How to Improve First Input Delay (FID) in WordPress

As your site traffic increases, you’ll want to ensure that things continue to run smoothly. If visitors have to wait more than a few seconds for your page to load, they’ll likely leave your site and may never come back.

Fortunately, there are some simple tests to evaluate your performance and, if improvements are needed, there are solutions that can almost immediately improve your loading times

In this post, we’ll discuss one aspect of site performance: First Input Delay. You’ll learn what it is, why it’s important, and how you can measure and improve the FID score on your WordPress site.

An introduction to first input delay

First Input Delay (FID) is the loading time a visitor experiences after interacting with your website for the first time. Essentially, when someone clicks on a link or taps a button, they have to wait for their browser to respond. If your site has a high FID score, visitors wait for longer periods.

FID is one of the main metrics of Core Web Vitals. Created by Google, this report measures the performance of web pages.

screenshot of Google Core Web Vitals assessment

Here are the three main performance metrics that are included in the Core Web Vitals report:

  • Largest Contentful Paint (LCP): this measures the time it takes your website to load after a user requests the URL.
  • First Input Delay (FID): this is the time it takes your website to respond after a visitor interacts with a page.
  • Cumulative Layout Shift (CLS): this measures all the layout shifts that occur while a page is loading.

Although all of these metrics evaluate your website’s user experience, your FID score is one of the most important.
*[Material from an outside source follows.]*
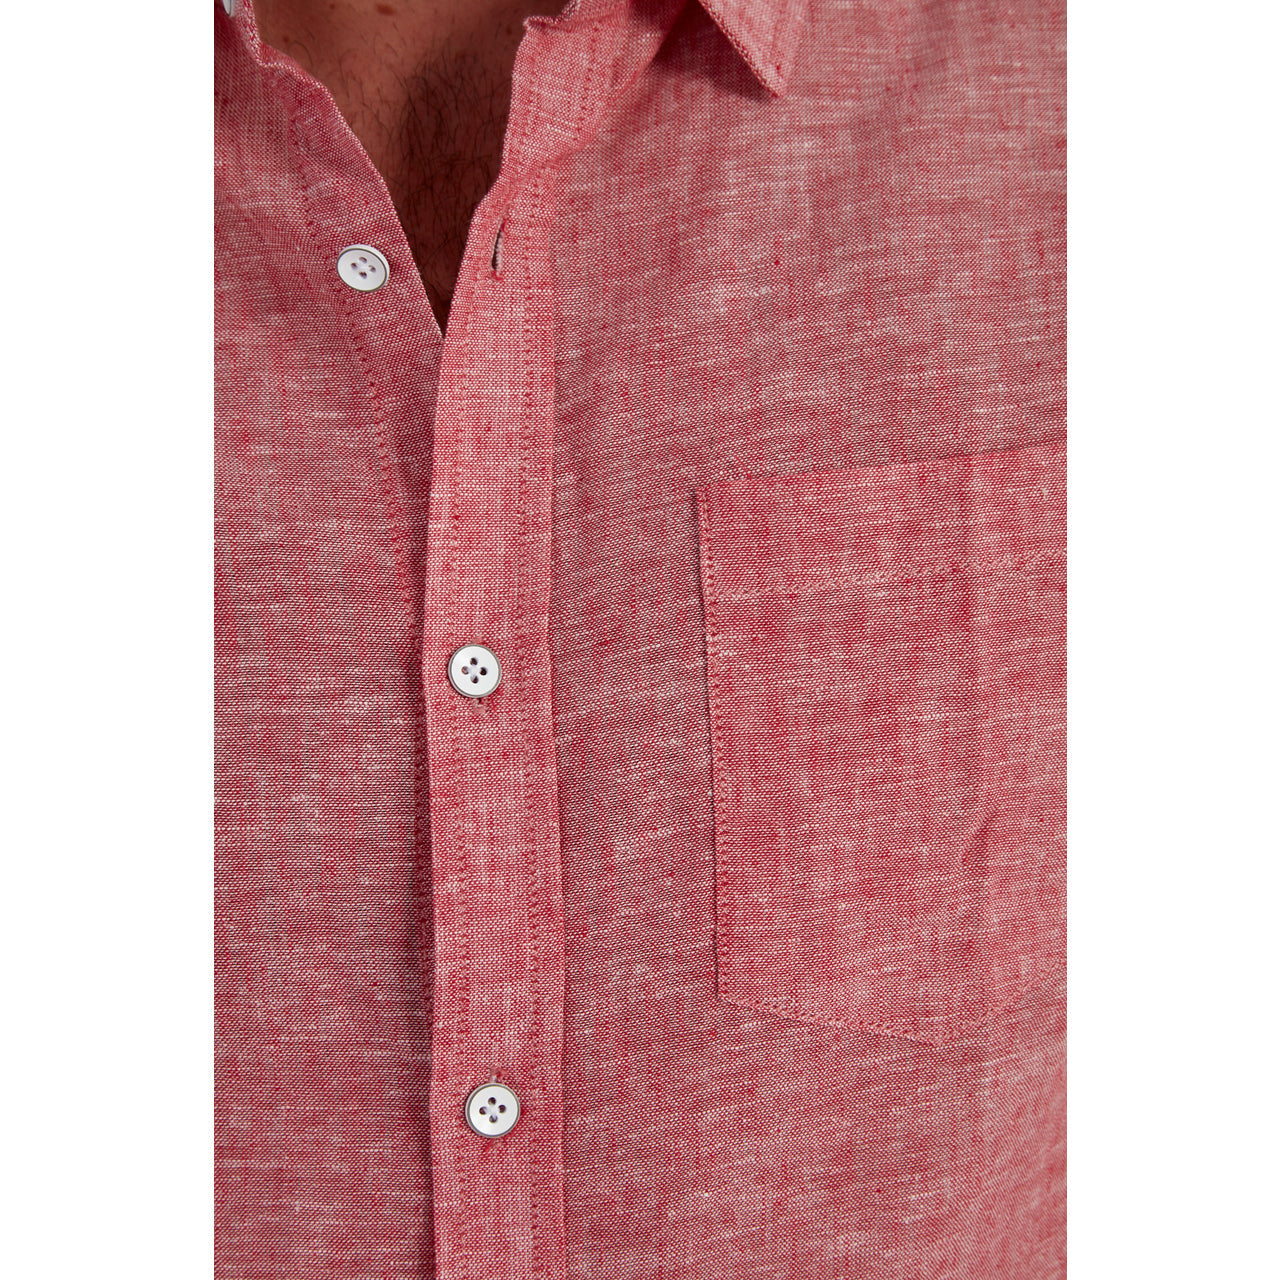 Men's Red Button Up Cotton Short Sleeve Shirt close up of buttons

If your page doesn’t load quickly, it can leave a poor first impression. In fact, a one-second delay can decrease visitor satisfaction by 16 percent. 

Here are some benefits of improving your FID score:

Potential causes of a poor FID score

When you run a Core Web Vitals test, the report will give you a First Input Delay score. An acceptable FID is 100 milliseconds or less.

chart showing a breakdown of FID scores and meanings

A poor FID score is anything higher than 300ms. This can be caused by a few different factors. 

One of the most common causes of high First Input Delay is heavy JavaScript code. If a browser has to execute a large JavaScript file, it can be too busy to execute other requests.

Having too many JavaScript-based plugins can negatively affect your loading times. Similarly, some themes can have complex files that cause the same problem.

Another factor can be third-party scripts. If your website has many third-party analytics codes and tags, this can increase your page’s latency. Sometimes, browsers can prioritize these scripts, delaying the loading of other content on your site.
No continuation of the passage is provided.